In the past 13 or so years that Nigeria has been battling insurgencies, the attacks have had a pattern of being disproportionately heavy on agrarian communities or directly on farmers. I think no singular occupational group has come under attack by the bandits and insurgents as farmers. Of course, lately, religious leaders, consisting mainly of Catholic priests, could be the next most attacked occupational cluster. Even inter-state taxi drivers probably would rank 2nd or 3rd on the ladder. But even if statistics were to disprove my observations by showing that any of the two groups have suffered in the hands of kidnappers and insurgents more than farmers, you would agree that farming would have the most profound and debilitating effect on society.

The effect of the attacks on farmers is glaring in the worsening situation of food supply in Nigeria, and this is not a reason to lament in this column. It is just to explain why impact investing, applied to agriculture, could salvage the situation. Maybe I should start with an example of two organisations that received impact investment in the agriculture space. One is Babban Gona and other is Tomato Jos. Babban Gona’s strategy is to train farmers on the best methods and management, then provide credit and farm inputs at lower prices, and support the farmers with harvesting and marketing. As obvious as this appears, this handholding of the farmers throughout the process, from beginning to end, makes a big difference. That’s what $18m of impact investment can do. If I get that, I will brand my Benue Rice or package Benue Yam for you!

As for Tomato Jos, one is always tempted to think of Flavour Nabania’s voice when the name comes up, but that is far from what they do. They add value to tomatoes that would otherwise have gone to waste by proactively targeting to make pastes from the tomatoes grown by smallholder farmers who would otherwise have lost their crops. They estimated that Nigeria produces roughly two-thirds of the tomatoes in West Africa, but while not producing purees and other products of value addition, the availability of the commodity can be seasonal and lead to a glut when it is in season. Now, they have a plant worth $5m in Kaduna State, and they partner with 350 farmers. This is in the same Kaduna State that I haven’t embarked on a road journey to for 3 or 4 years!

If you study these cases closely, they can tell you a lot about what Nigeria stands to gain from impact investment, specifically targetting agriculture. Impact investment, when done right, has the potential to bring the financial discipline of the corporate financial world to bear on the benevolence of the social impact sector. In the social impact sector, represented by NGOs and other charity organisations (which should have included governments), the focus is on spending and not on value for money as such. In private capital, the focus is on cutting costs and maximising profits. Now we have a model that ought to take advantage of the best of both worlds.

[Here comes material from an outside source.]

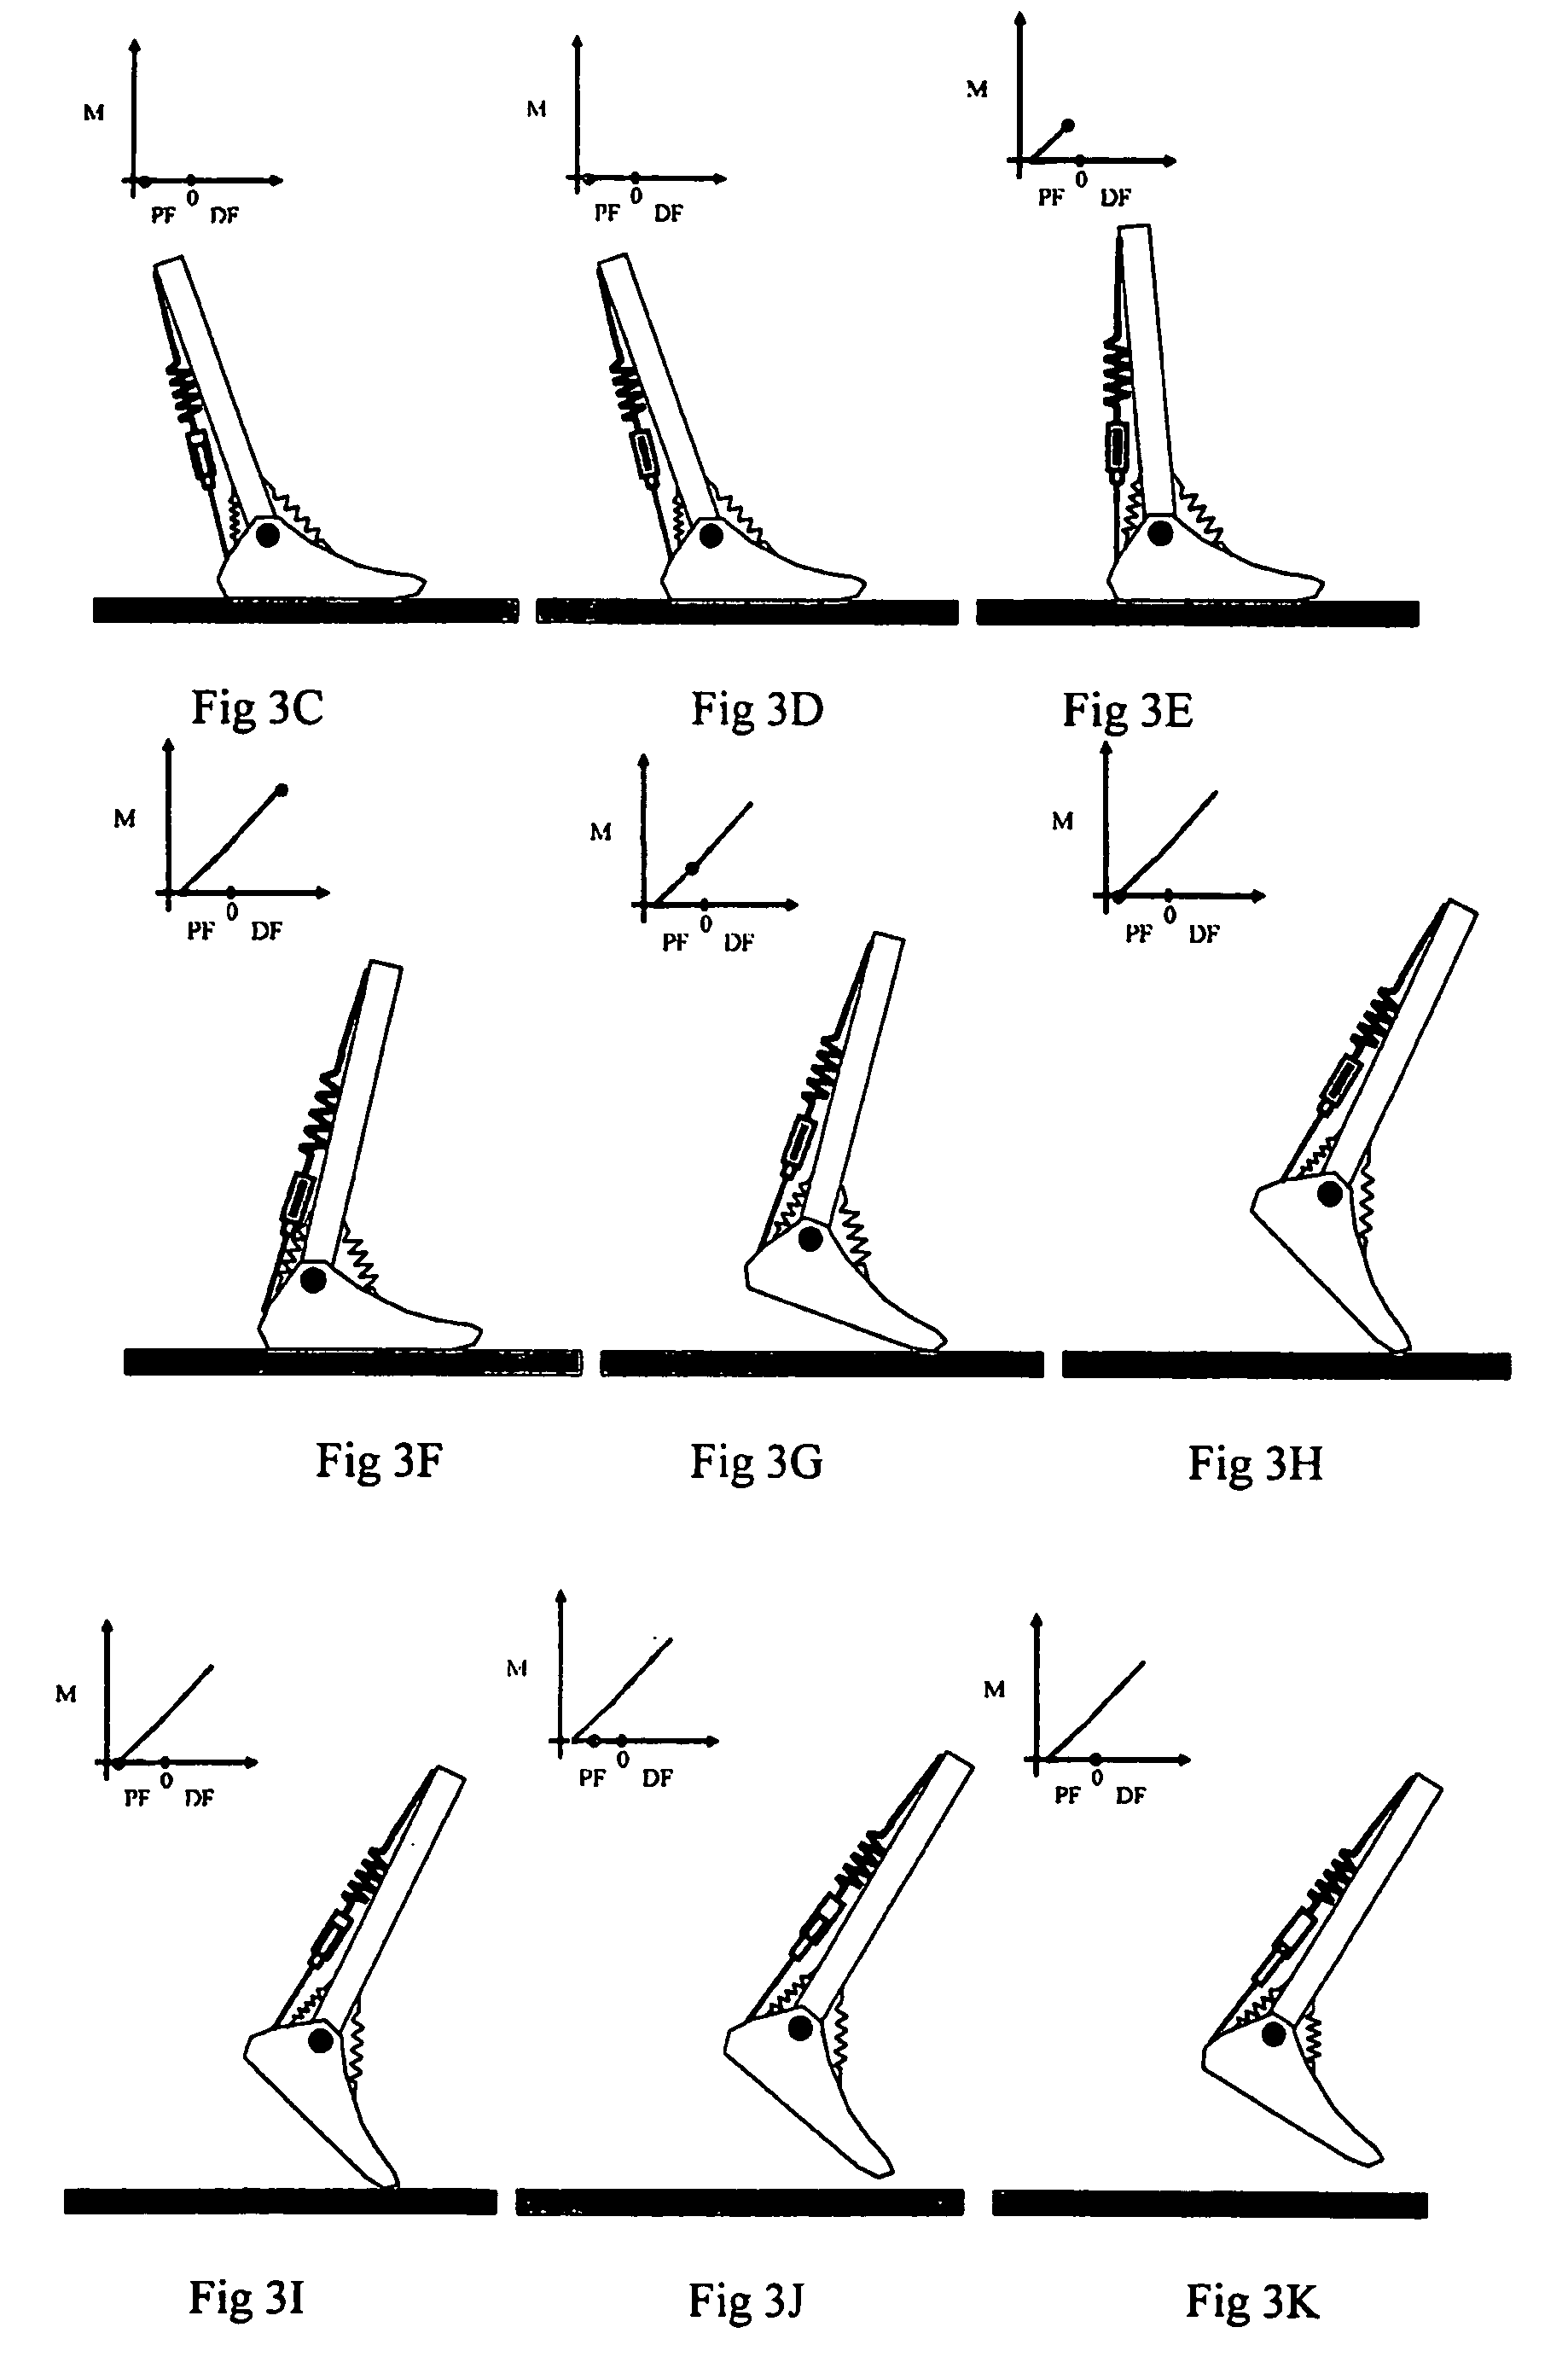 Equilibrium-point prosthetic and orthotic ankle-foot systems and devices

Of course, as a new concept, there are challenges and grey areas. Who would guarantee what happens in the sector? There is a need for regulation and for government to stretch its hands into the space–financially too. Recently, the government joined in the launch of a Wholesale Impact Investment Fund (WIIF), with the intent of raising $100bn to support the kind of businesses I used as examples above. The Honourable Minister of State for Budget and National Planning, Prince Clem Agba, has even inaugurated a committee on this. He charged them “to unlock local private investments using capital from public sources and to delve into strategies for attracting investments from Development Finance Institutions (DIFS) into the impact investing ecosystem”. I love the refreshing sound of all these. I wish it weren’t in the wee hours of this administration’s life. I am keeping hope alive that, given the private sector involvement and the drive by an NGO, something positive shall come out of this, and Nigeria shall be rescued from this edge of looming starvation.